Voxtral Model: mistralai/Voxtral-Mini-4B-Realtime-2602
Voxtral Mini is a 4.4B parameter real-time automatic speech recognition (ASR) model created by Mistral AI. It features a causal Whisper-based audio encoder, a temporal adapter, and a Mistral decoder. The model accepts audio input and produces text output (speech-to-text).
The Voxtral Model has support in the Rust, Python, and HTTP APIs. Additionally, the Voxtral Model supports ISQ for increased performance.

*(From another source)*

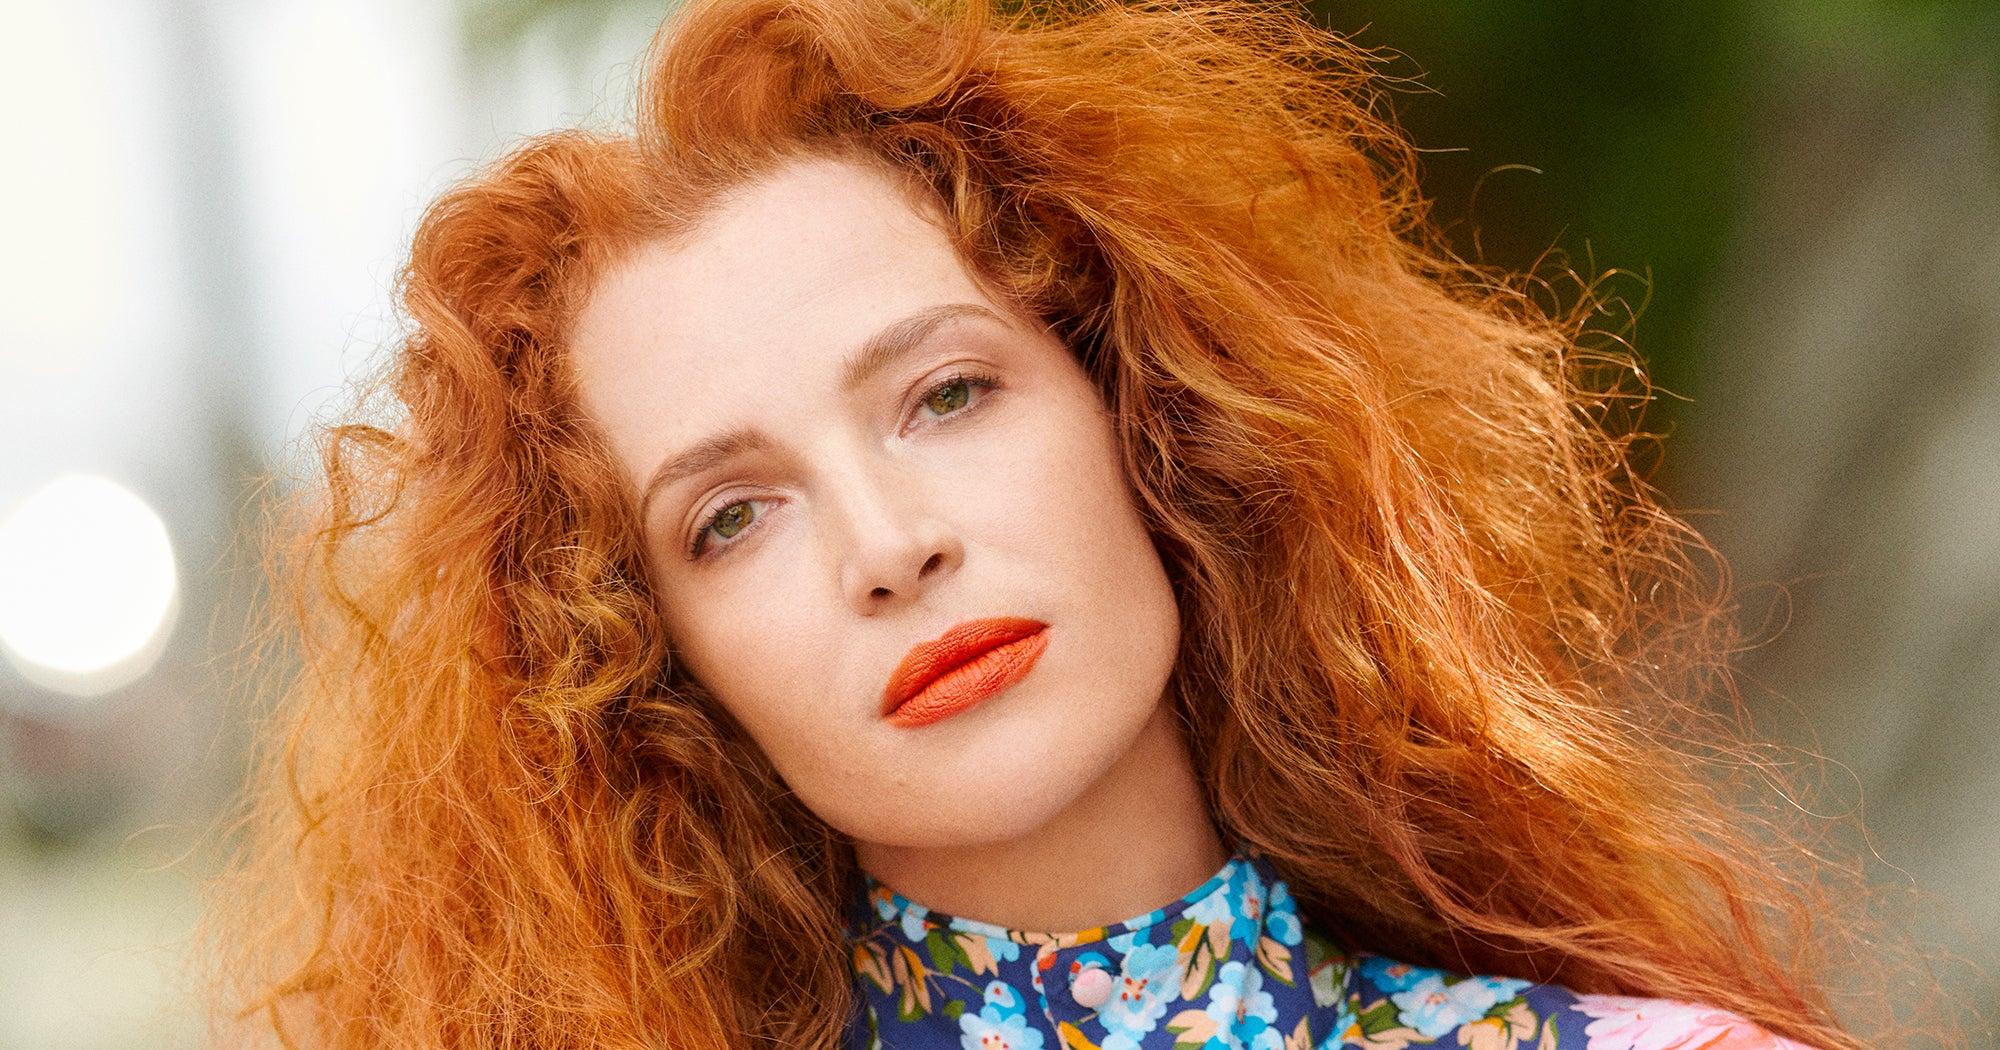 The Laura Ashley x Batsheva Collection Is Peak Cottagecore
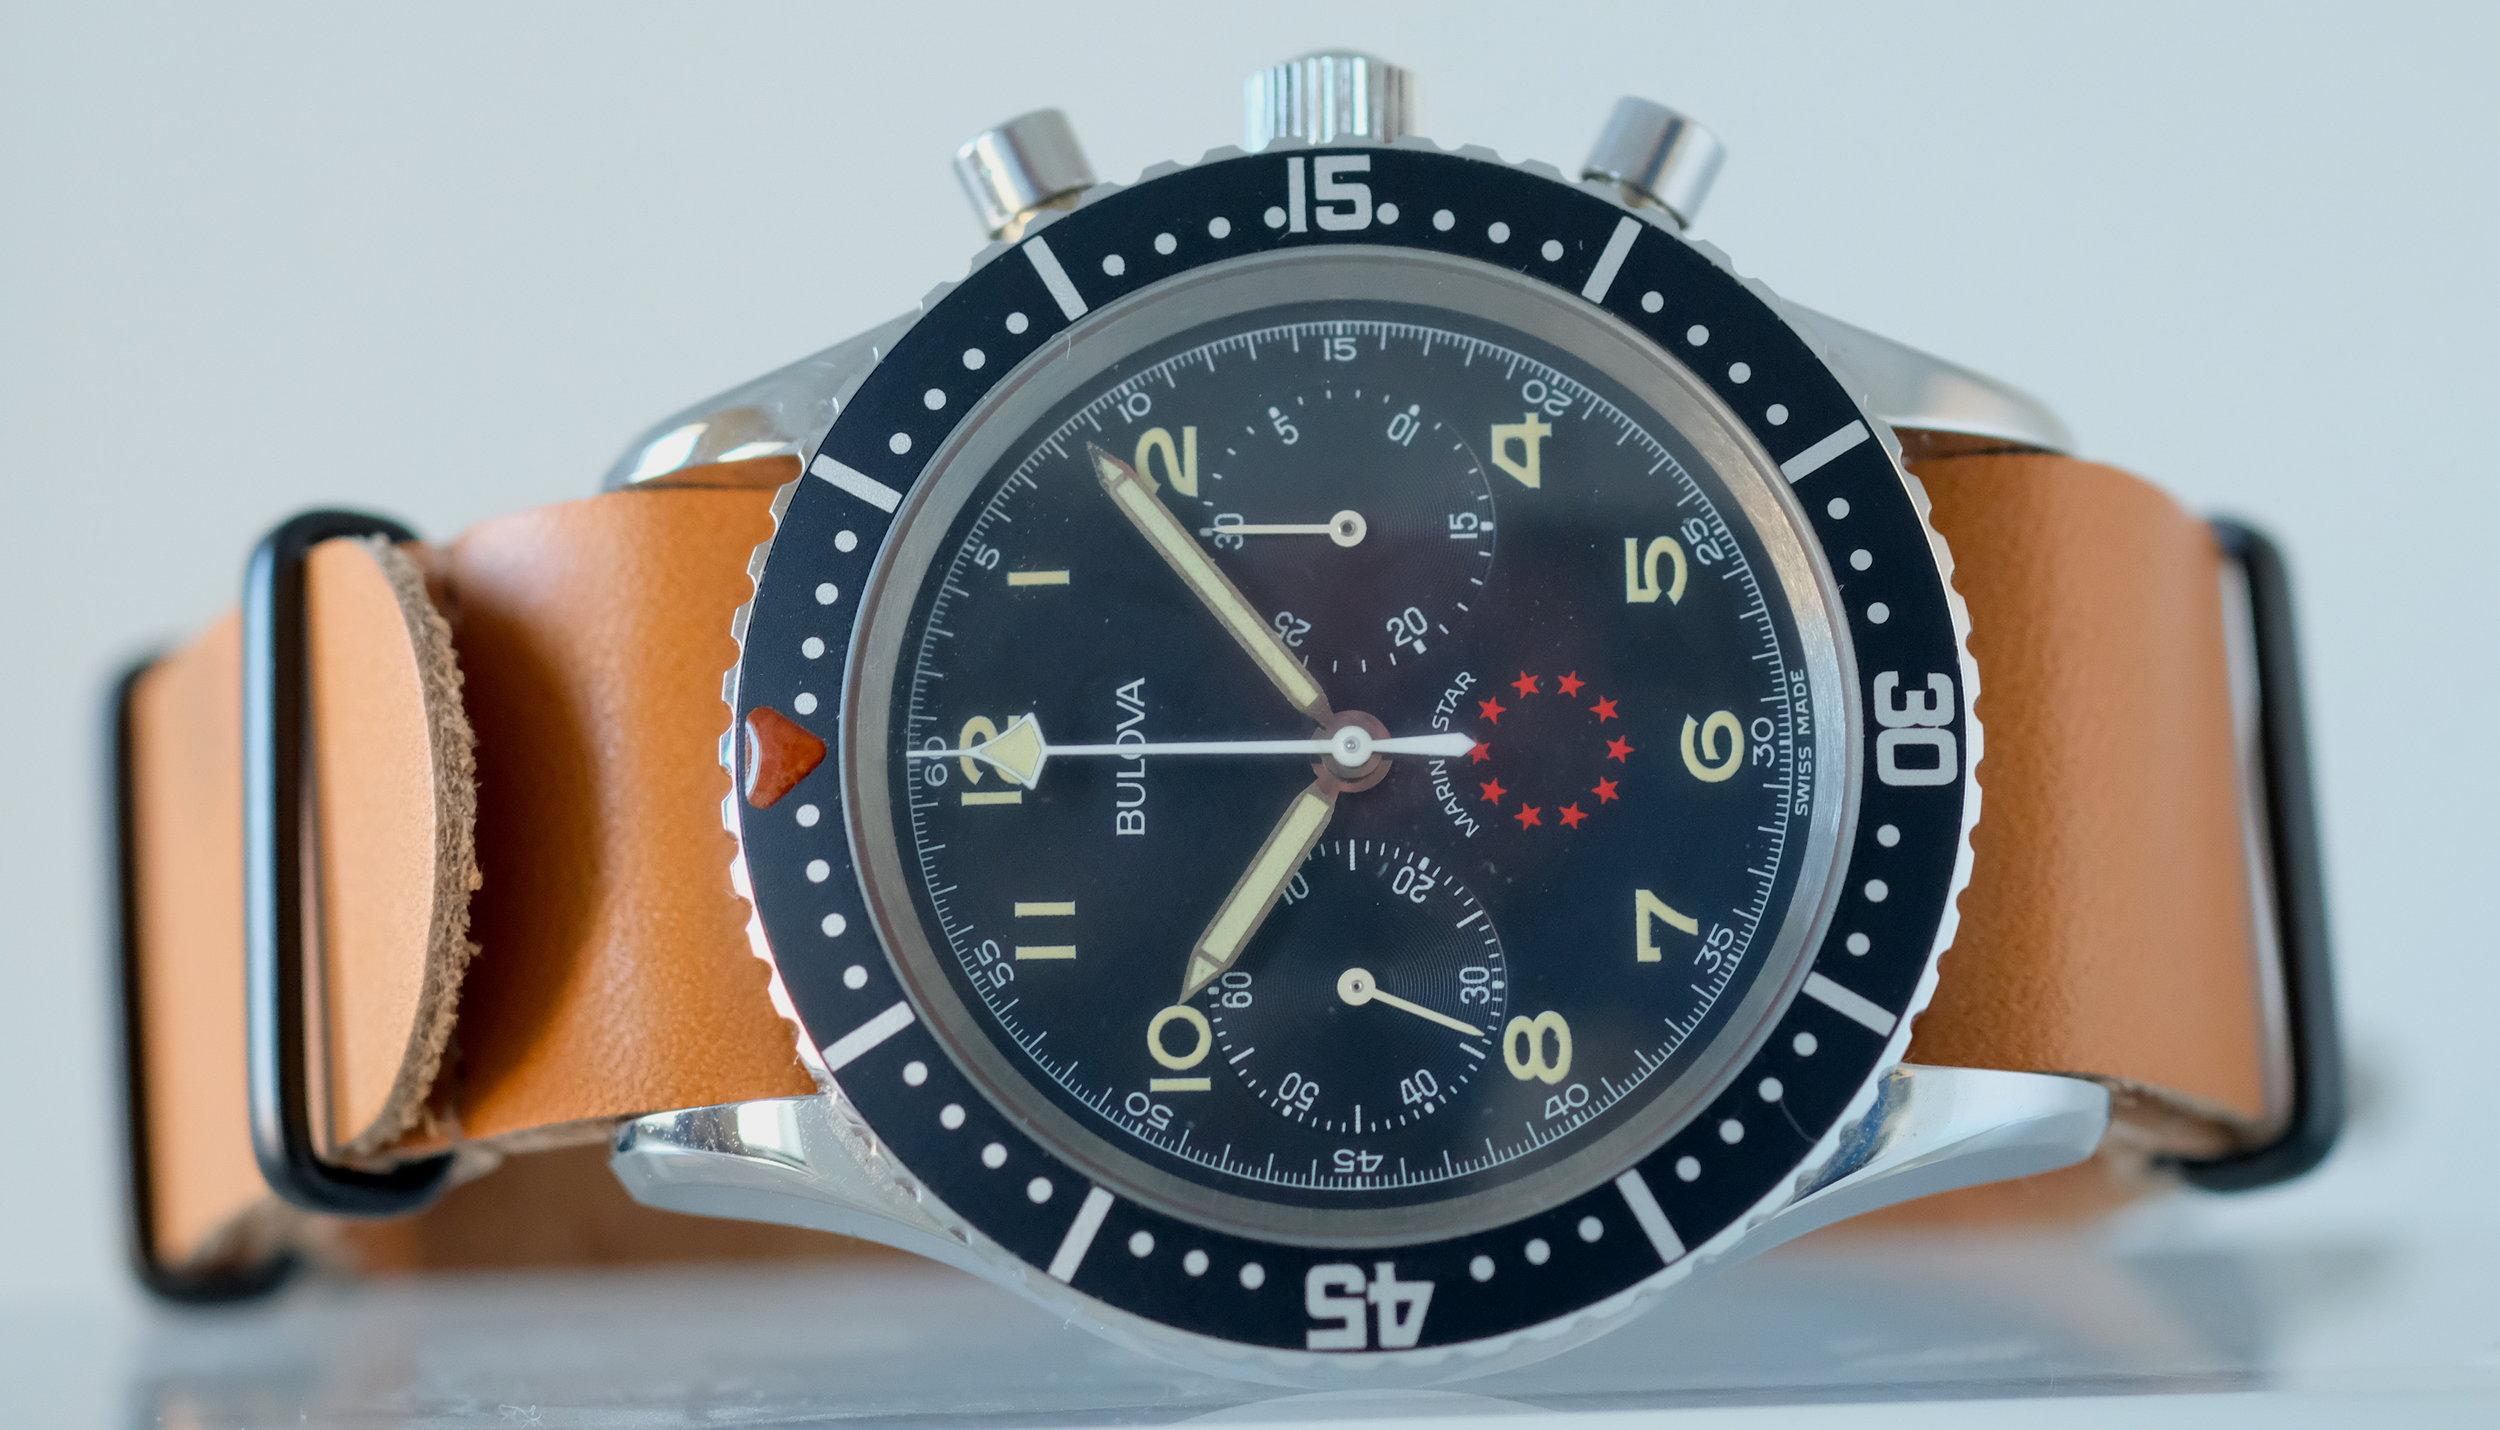 Bulova Marine Star Chronograph  Price: $6,995

Note: Voxtral uses Mistral’s native format (
params.json,consolidated.safetensors,tekken.json), which mistral.rs handles automatically.
HTTP server
We support an OpenAI compatible HTTP API for audio models.
- Start the server
mistralrs serve vision -m mistralai/Voxtral-Mini-4B-Realtime-2602
- Send a request
import base64
from openai import OpenAI
client = OpenAI(api_key="foobar", base_url="http://localhost:1234/v1/")
# Load a local audio file
with open("audio.wav", "rb") as f:
audio_b64 = base64.b64encode(f.read()).decode("utf-8")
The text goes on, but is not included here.